# Vegas Cancun Resort



## post-it (Mar 3, 2015)

Has anyone stayed at this location?  I'm wanting to book point saver and noticed this resort only has 35% reduction, where Desert Paradise and Polo Towers go as low as 50% reduction.

I'm wondering if the location and amenities would be worth only 35% off.

Thank you


----------



## Passepartout (Mar 3, 2015)

I have stayed there. It was OK, but nearly as far from the action as Grandview or Tahiti Village. Weirdest kitchen layout ever. Parking is barely adequate- don't be out late. I don't think it was DRI back then, and we have made no effort to return.

Jim


----------



## post-it (Mar 3, 2015)

Passepartout said:


> I have stayed there. It was OK, but nearly as far from the action as Grandview or Tahiti Village. Weirdest kitchen layout ever. Parking is barely adequate- don't be out late. I don't think it was DRI back then, and we have made no effort to return.
> 
> Jim



Oh thank you for the feedback.  Maybe I'll book Polo Towers then.  Have you stayed here Jim?


----------



## Passepartout (Mar 3, 2015)

post-it said:


> Oh thank you for the feedback.  Maybe I'll book Polo Towers then.  Have you stayed here Jim?



Nope. Sorry. I like it's location tho.


----------



## Kal (Mar 3, 2015)

post-it said:


> Has anyone stayed at this location?
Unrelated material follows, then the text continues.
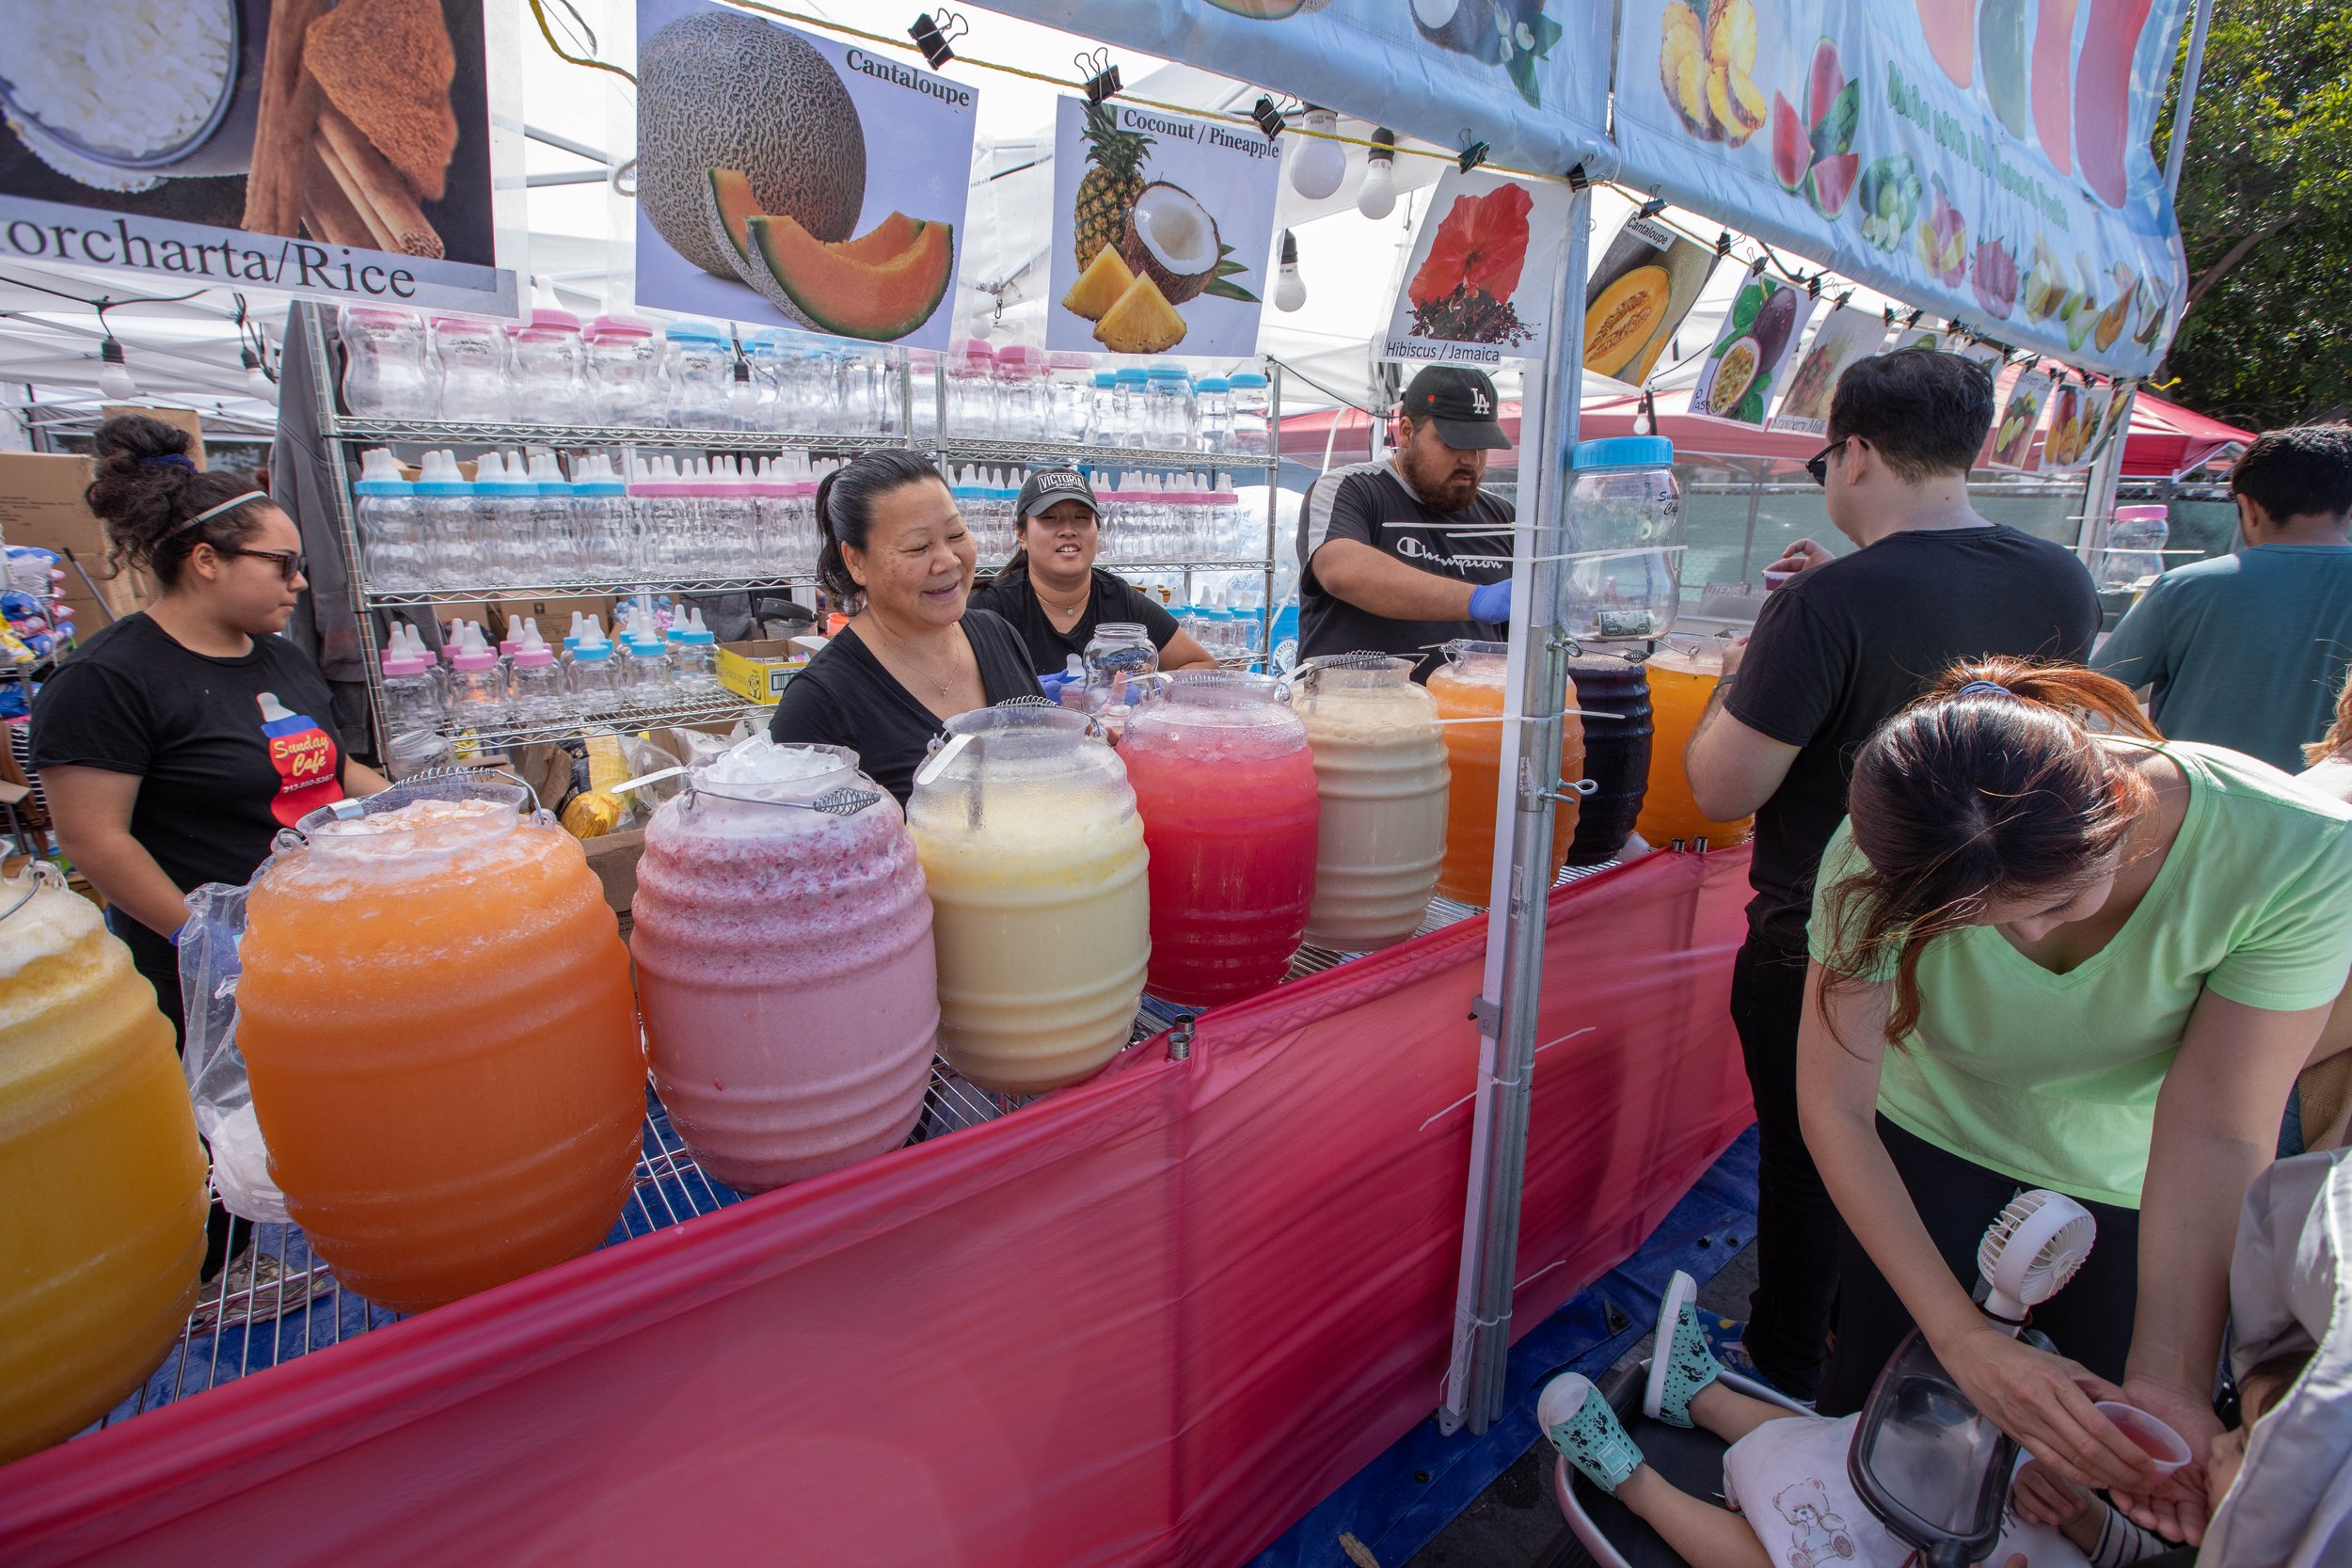  Diana Espinoza behind the counter enjoys the looks of the baby in front tasting a fresh watermelon juice sample. Inspired by famous nighttime bazaars of Asia, 626 Night Market Mini was established in 2012, this large-scale market is named after the

I'm wanting to book point saver and noticed this resort only has 35% reduction, where Desert Paradise and Polo Towers go as low as 50% reduction.
> 
> I'm wondering if the location and amenities would be worth only 35% off.
> 
> Thank you



Cancun has lots of space and a nifty set of pools and water slide.  For Vegas, you need a car so the short hop to the edge of the strip isn't all that far.  Parking is limited at the resort, but somehow there's always a spot late at night.

 Compared to all the traffic and crush of activity in the heart of the strip, it offers a low stress environment.  I like it.


----------



## dwojo (Mar 3, 2015)

We stayed there last October. If you bring children it is great. If no kids stay at Polo Towers if you can. The resort is out away from the strip. The pool area is fantastic.


----------